The characteristic (pattern) of the output signal is a variable for learning the artificial neural network, wherein the variable is a measurement distance according to at least one of the new (normal) state, the aging state and the failure state of the plurality of sensors, At least one of the analyte concentration, voltage, resistance, current, time, electrical conductivity change amount, pressure change amount, absorption intensity, relative absorbance and wavelength

Multimodal sensor abnormality detection device using an artificial neural network, characterized in that.
In the abnormal detection method of the multi-modal sensor abnormality detection device using an artificial neural network,

Measuring an analyte in the detection area and generating an output signal by the multimodal sensor unit including a plurality of sensors;

Detecting, by a temperature / humidity measurement unit, temperature and humidity in the measurement area;

The analysis unit receives the output signal, the measured temperature and the humidity from the multi-modal sensor unit and the temperature / humidity measuring unit and at least one of a new (normal) state, an old state, and a fault state of the plurality of sensors. Extracting a feature (pattern) of the output signal according to the present invention; And

And analyzing the state of the plurality of sensors by using the artificial neural network learned about the feature (pattern) of the extracted output signal by the analysis unit.
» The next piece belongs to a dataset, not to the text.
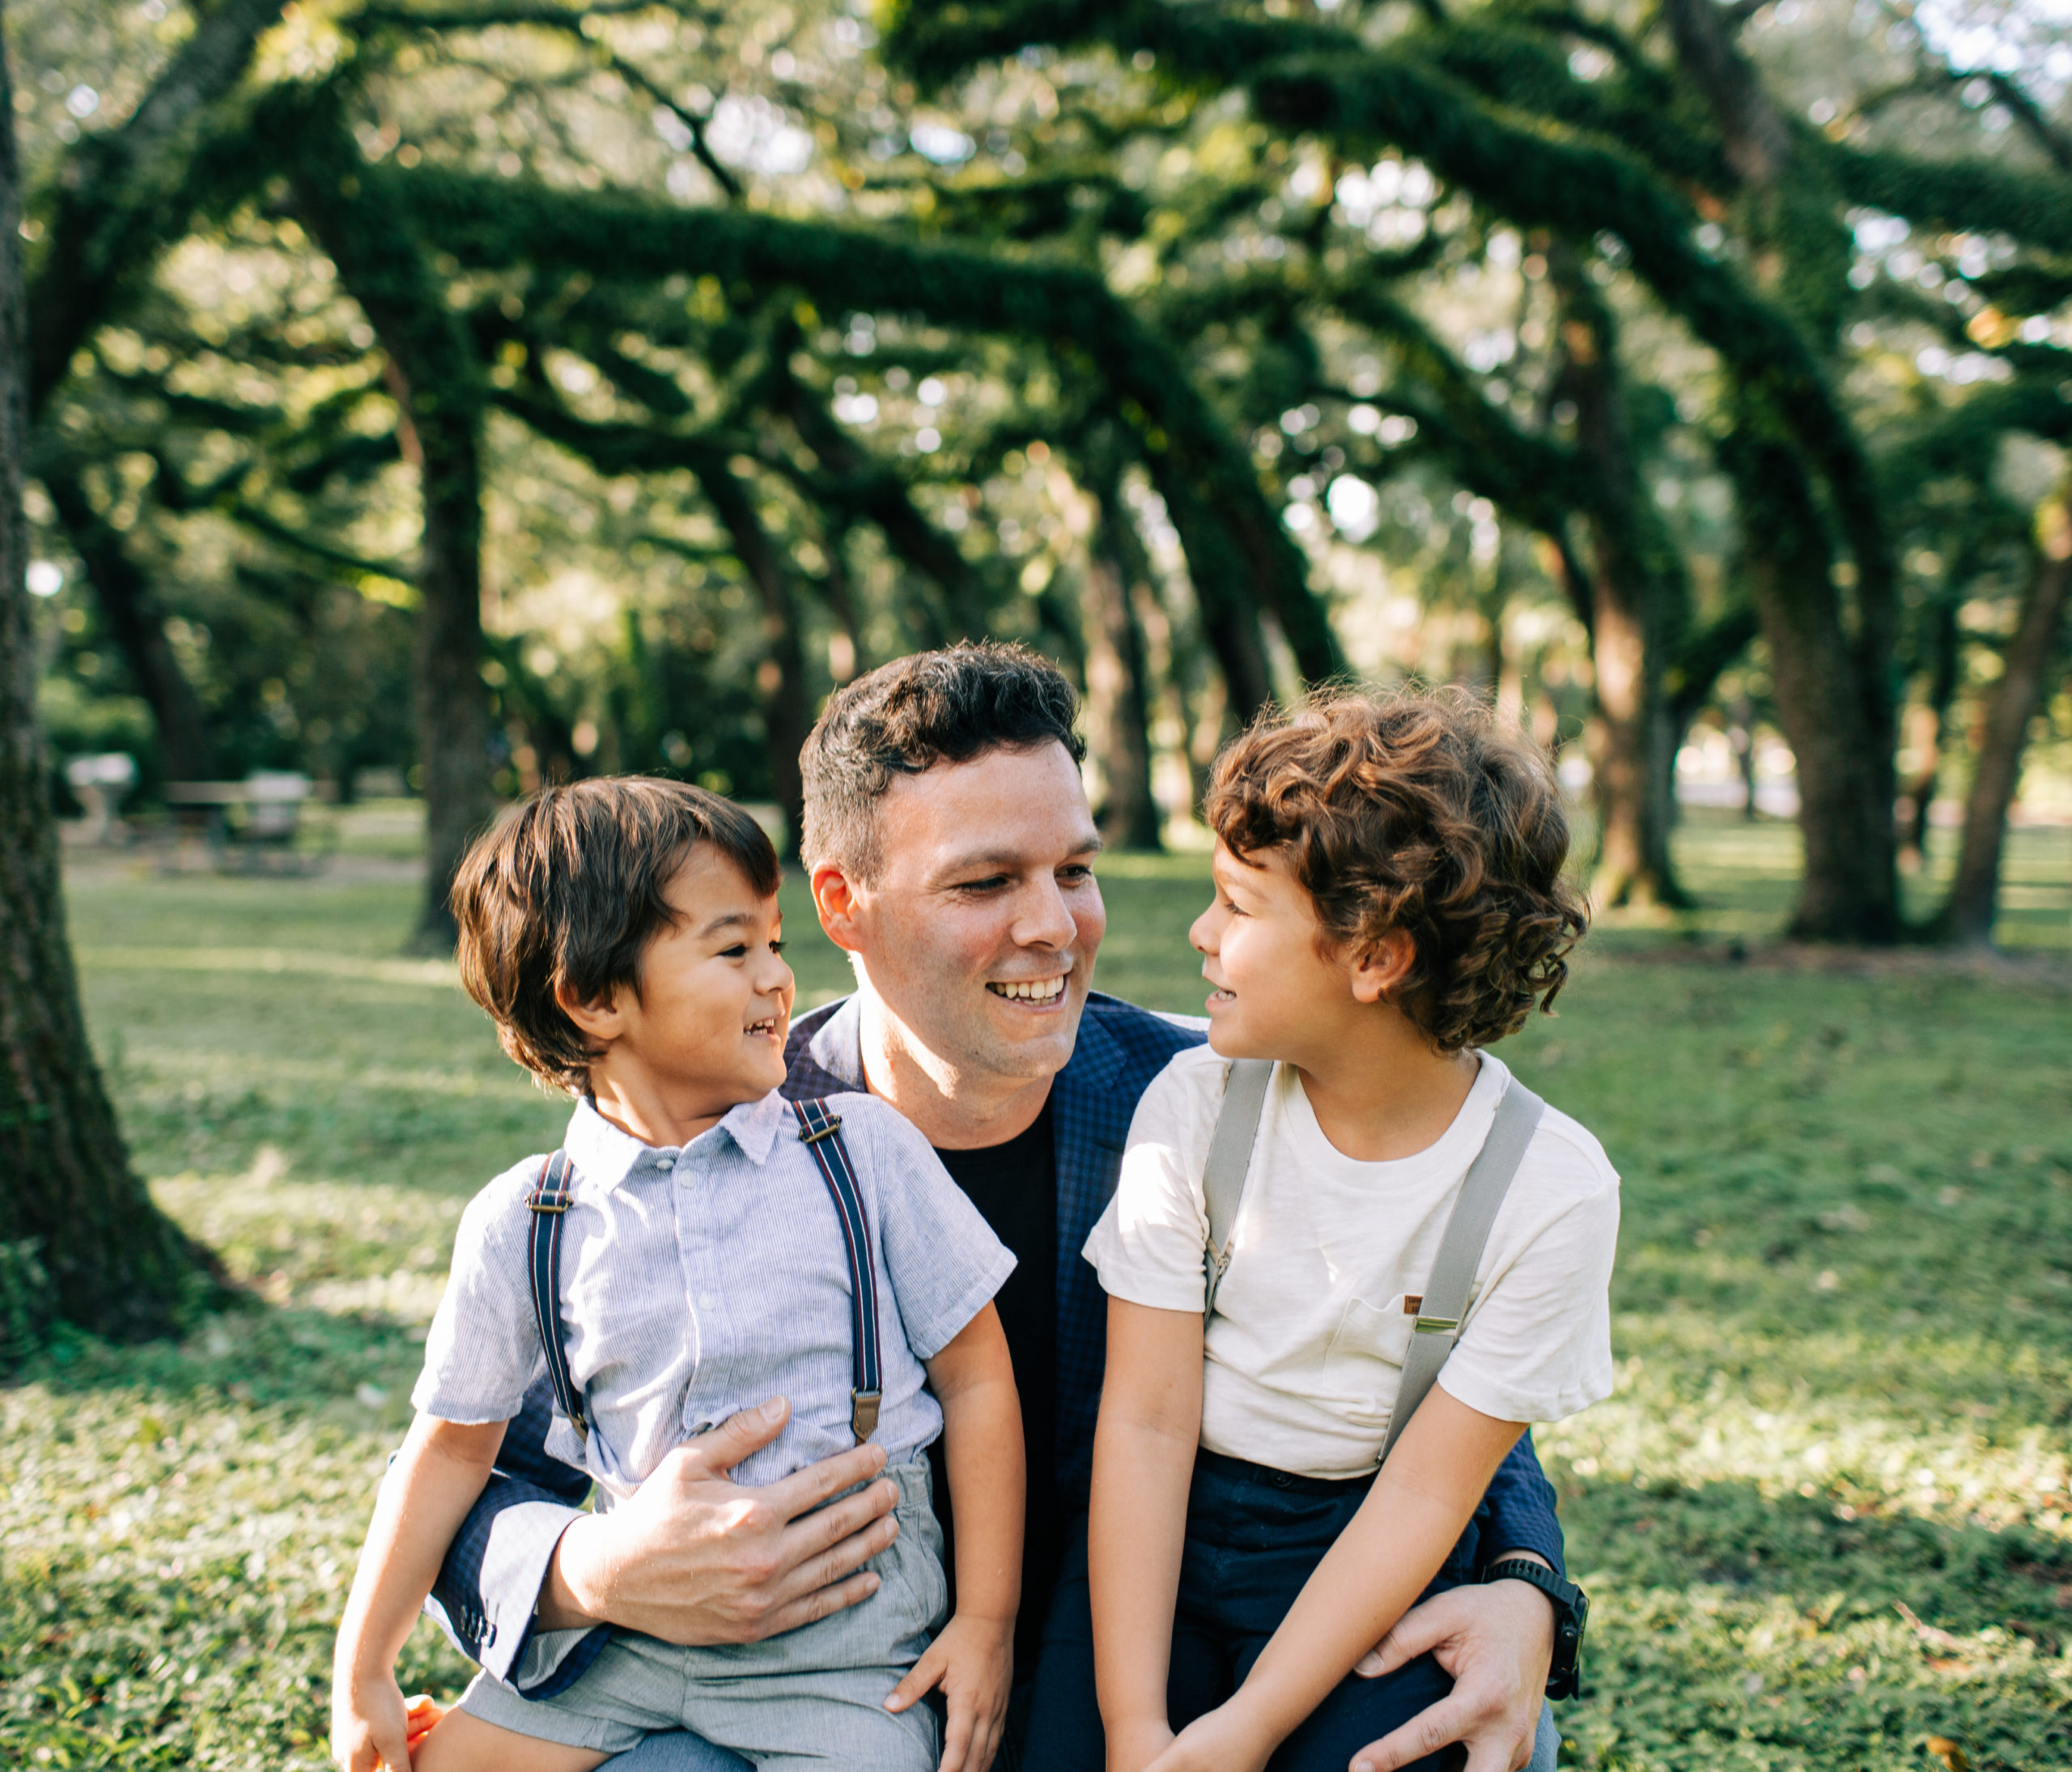 MiamiFamilyPhotoSession-3-scaled Family Photo Session at the Park - Villa Family

Multimodal sensor abnormality detection method using an artificial neural network characterized in that.
The method of claim 8,

The characteristic (pattern) of the output signal is a variable for learning the artificial neural network, wherein the variable is at least one of the new (normal) state, the aging state, the failure state, the temperature, and the humidity of the plurality of sensors. At least one of measurement distance, analyte concentration, voltage, resistance, current, time, electrical conductivity change, pressure variation, absorption intensity, relative absorbance, and wavelength according to one

Multimodal sensor abnormality detection device using an artificial neural network, characterized in that.